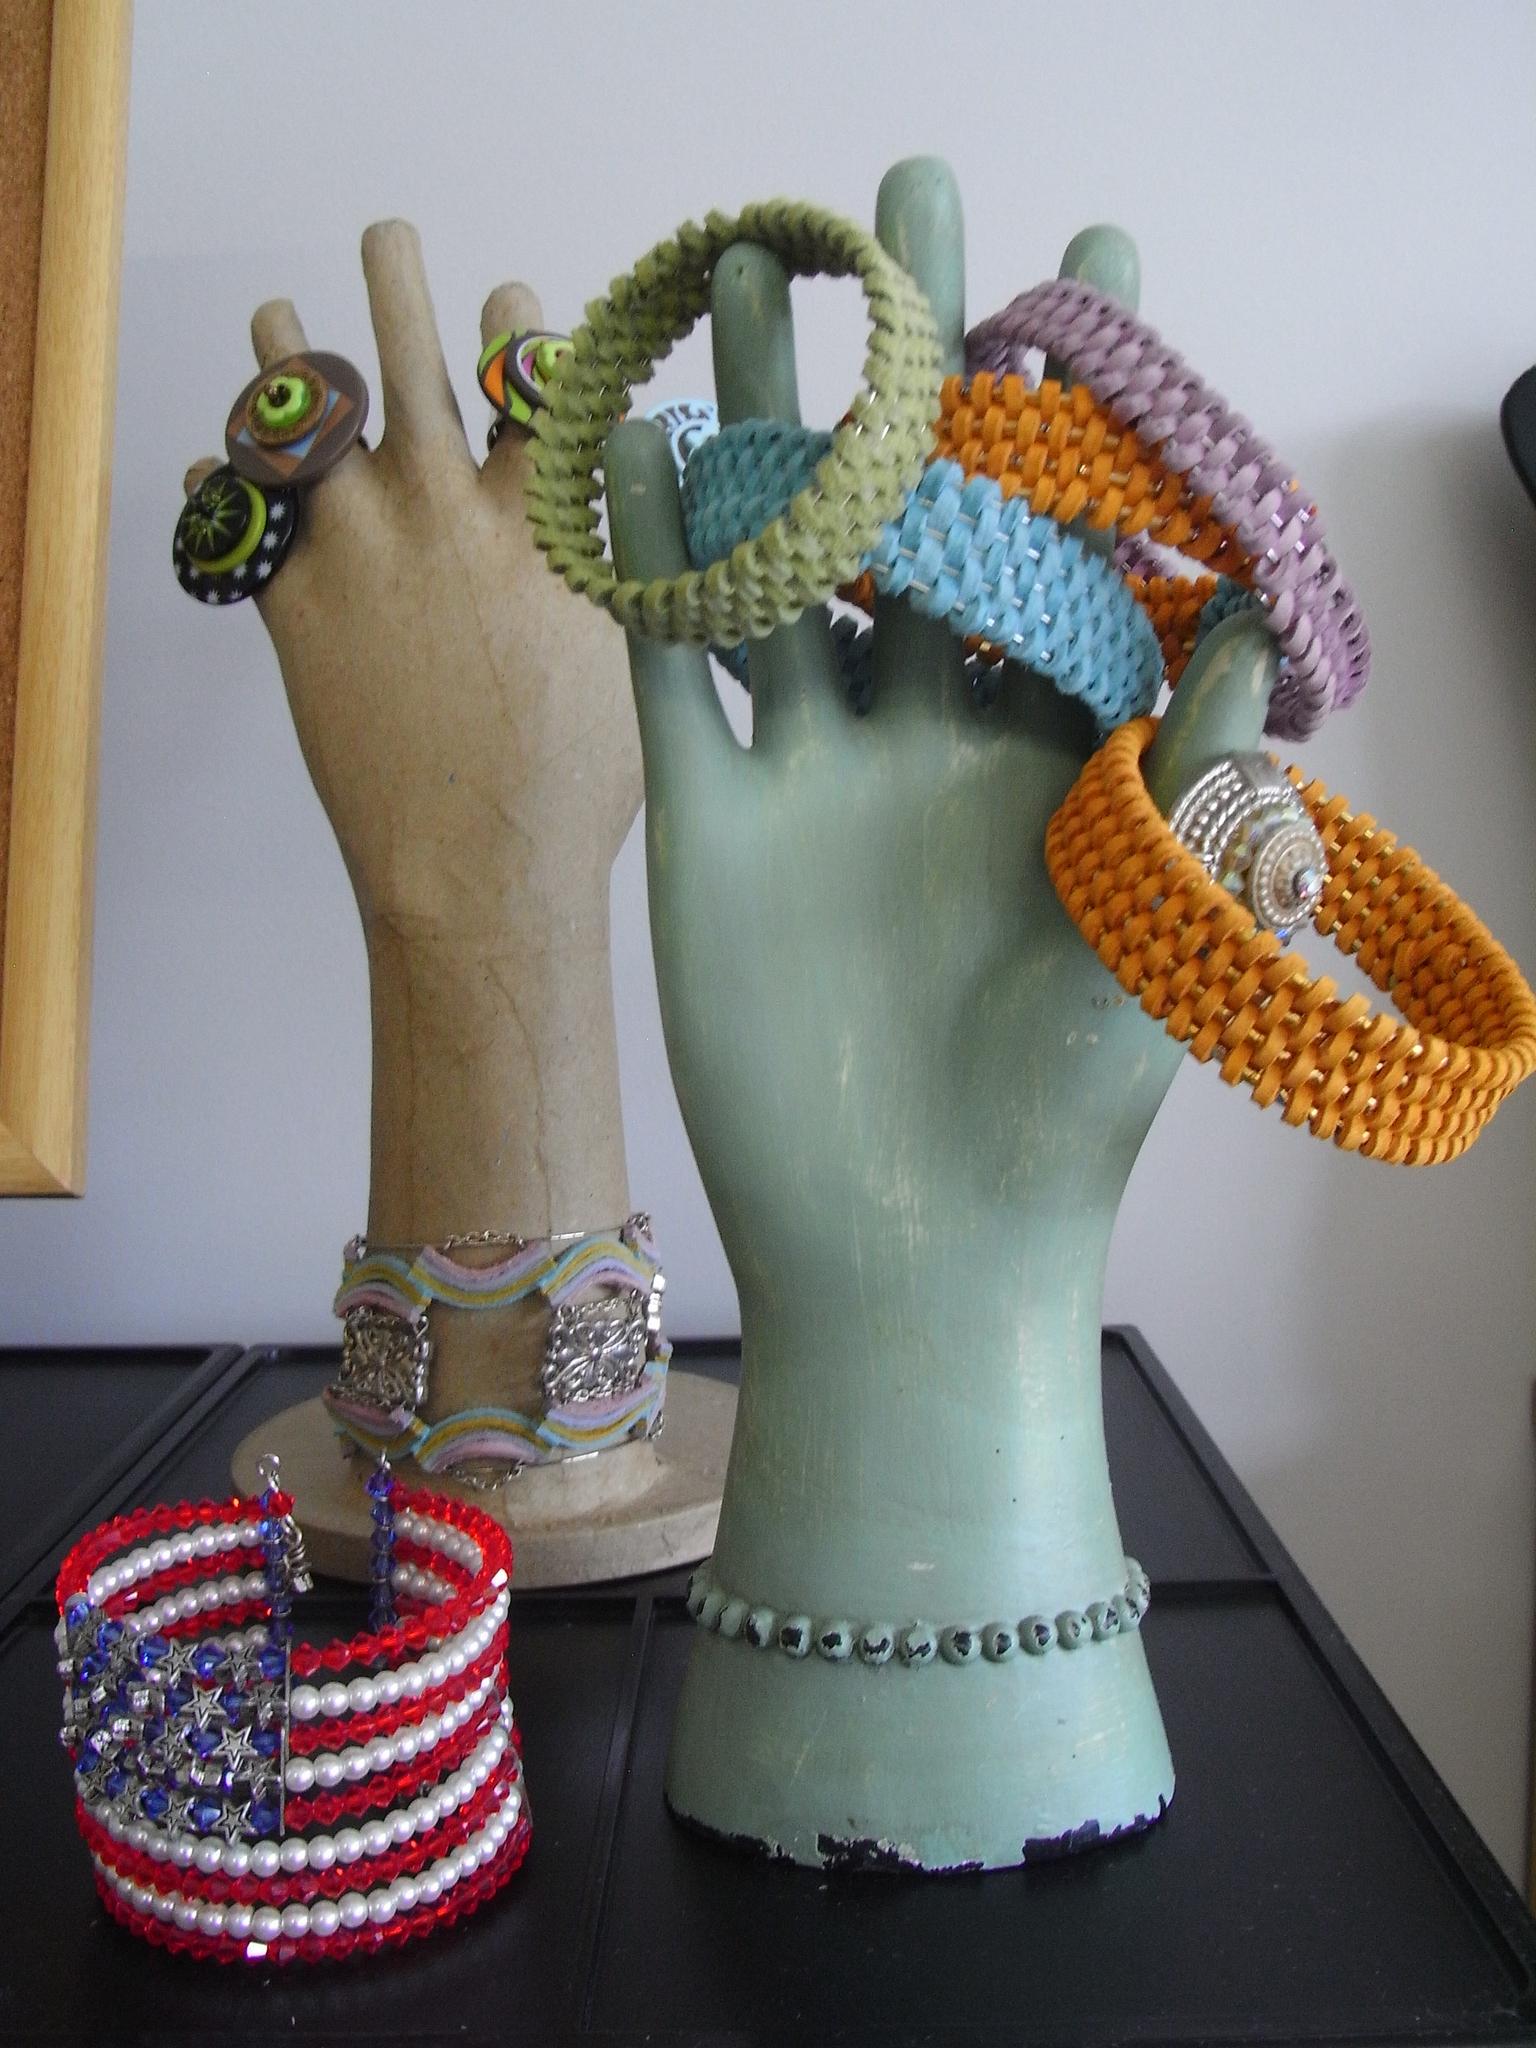 119 2f2015 04 18 060409 wovenleather bracelets
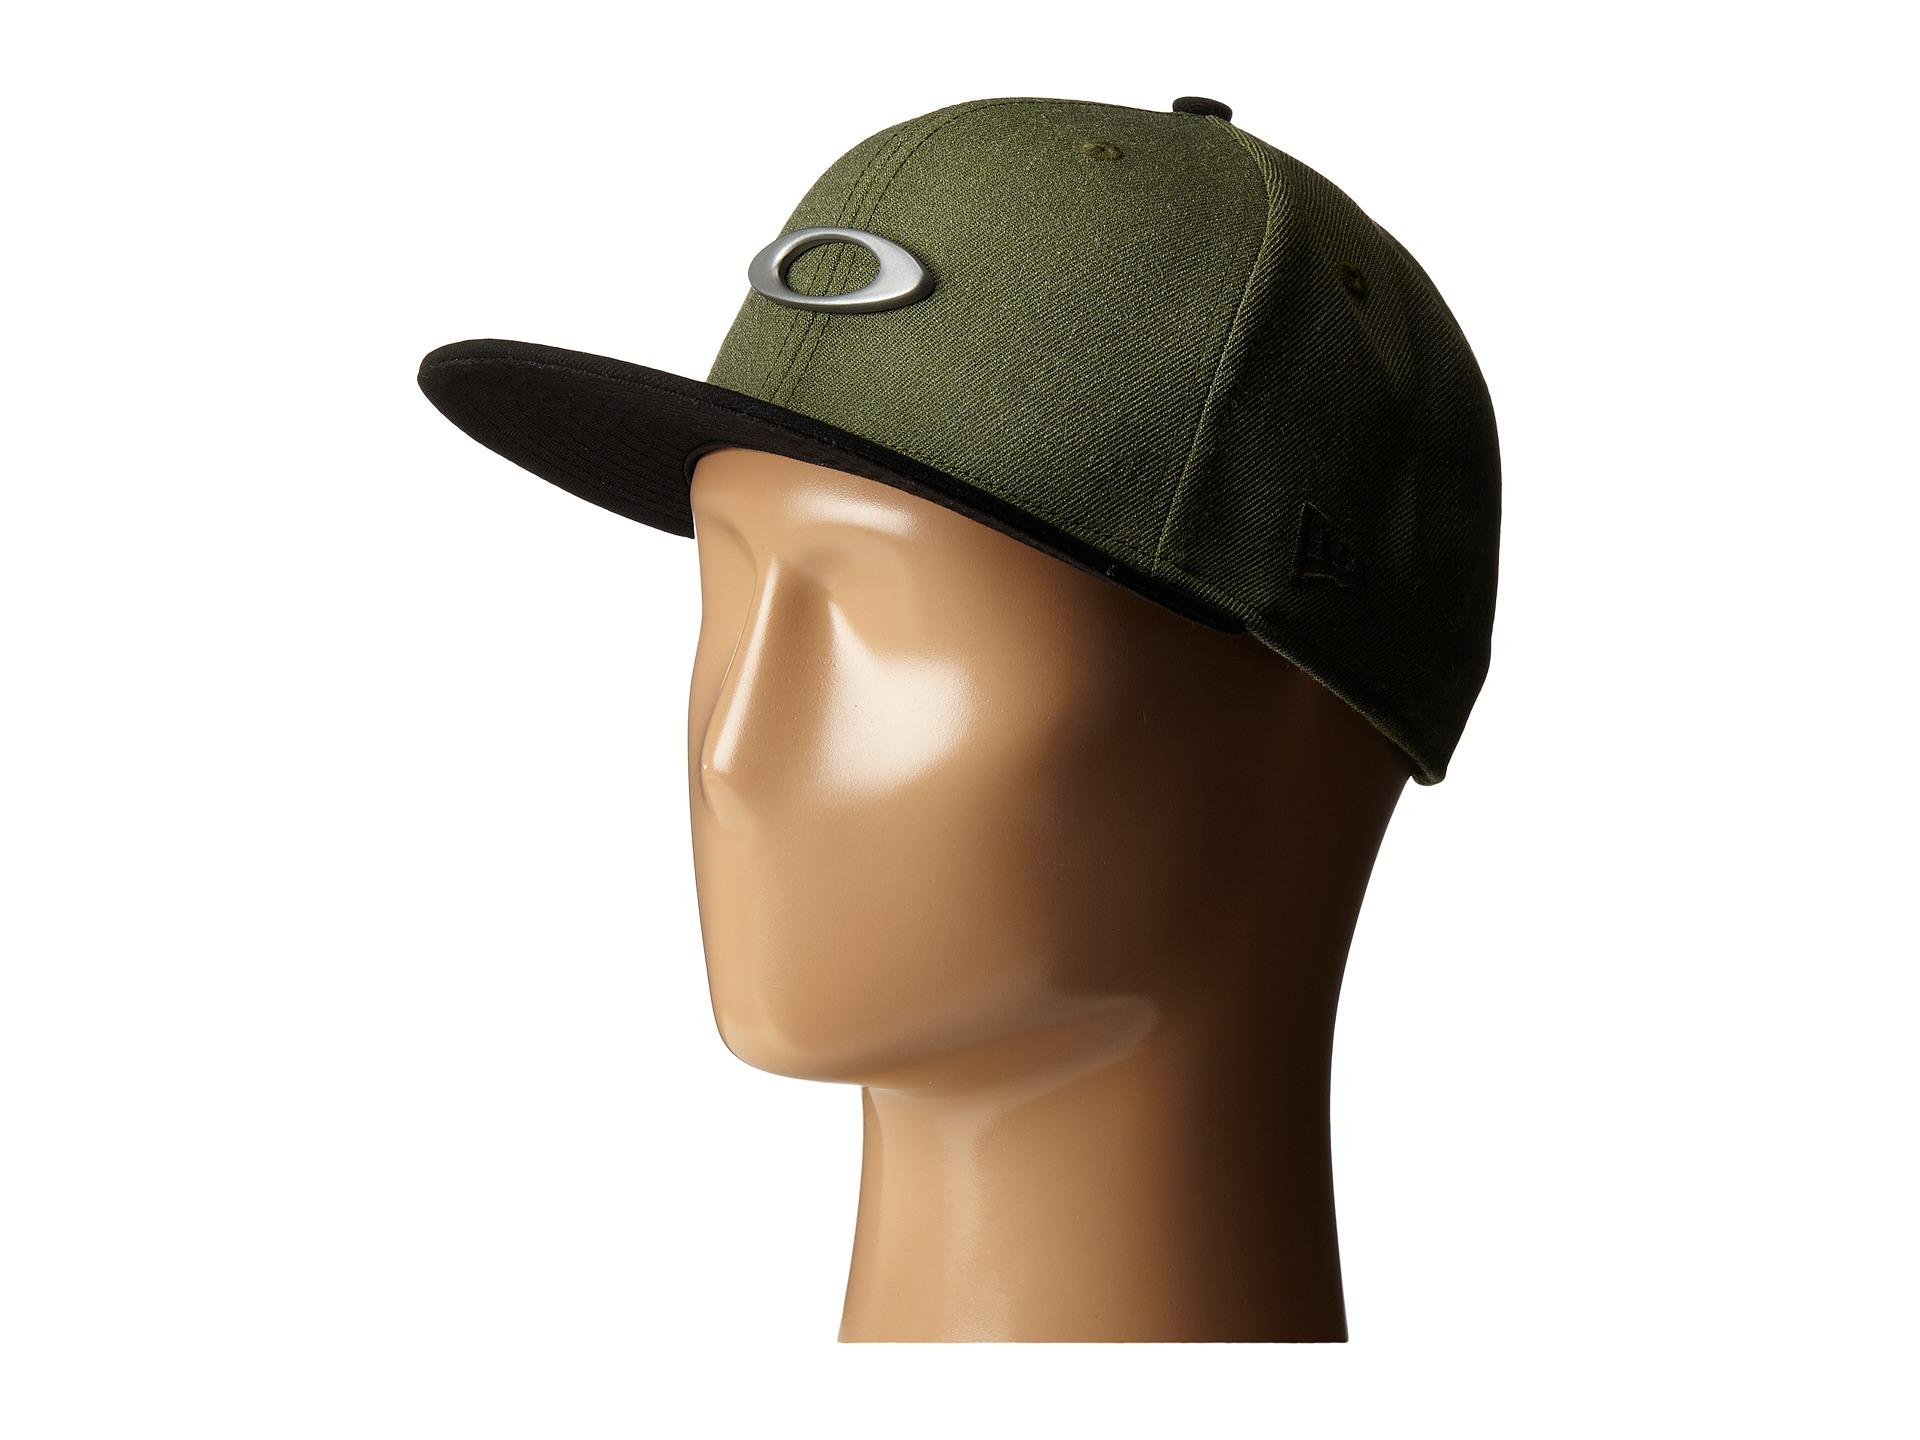 buy popular 889bb abbc8 promo code lyst oakley tincan hat in green for men a3e12 0f8b3  shop lyst  oakley o justable metal cap in green for men d3835 aaf87
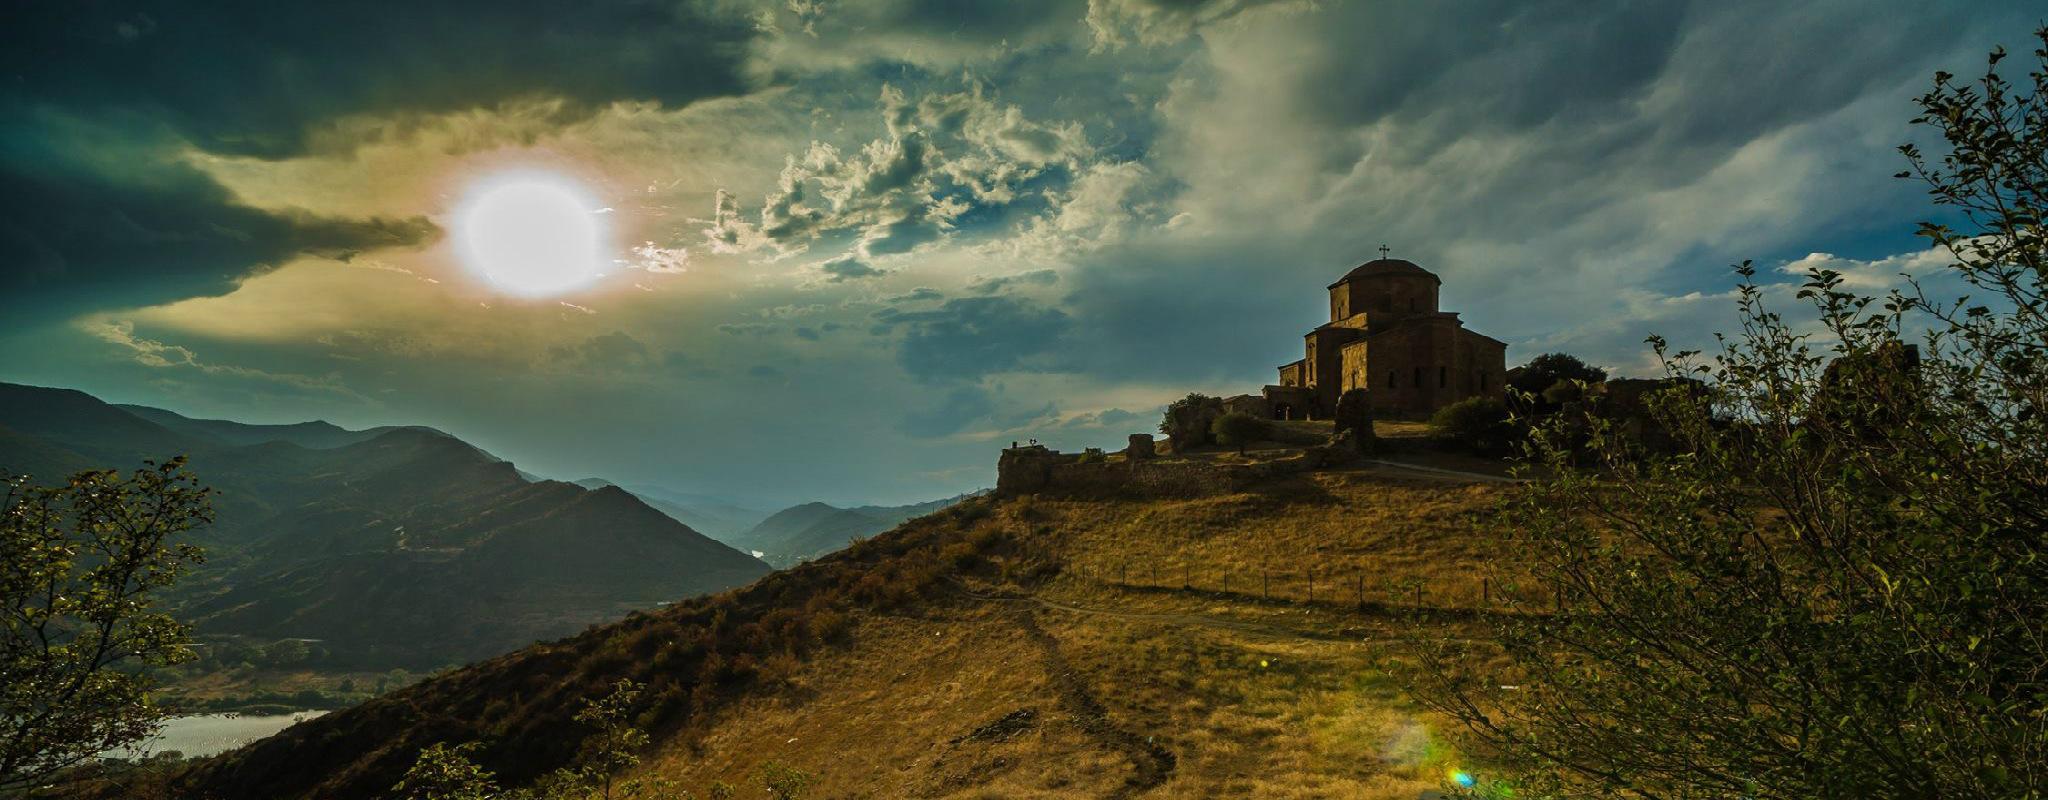 Mtskheta-Shiomghvime

+++

◆ ASSIGNMENT ◆
Pictures are to be left out; repeat all the remaining data exactly.

◆ ANSWER AREA ◆
 119 2f2015 04 18 060409 wovenleather bracelets
 buy popular 889bb abbc8 promo code lyst oakley tincan hat in green for men a3e12 0f8b3  shop lyst  oakley o justable metal cap in green for men d3835 aaf87
 Mtskheta-Shiomghvime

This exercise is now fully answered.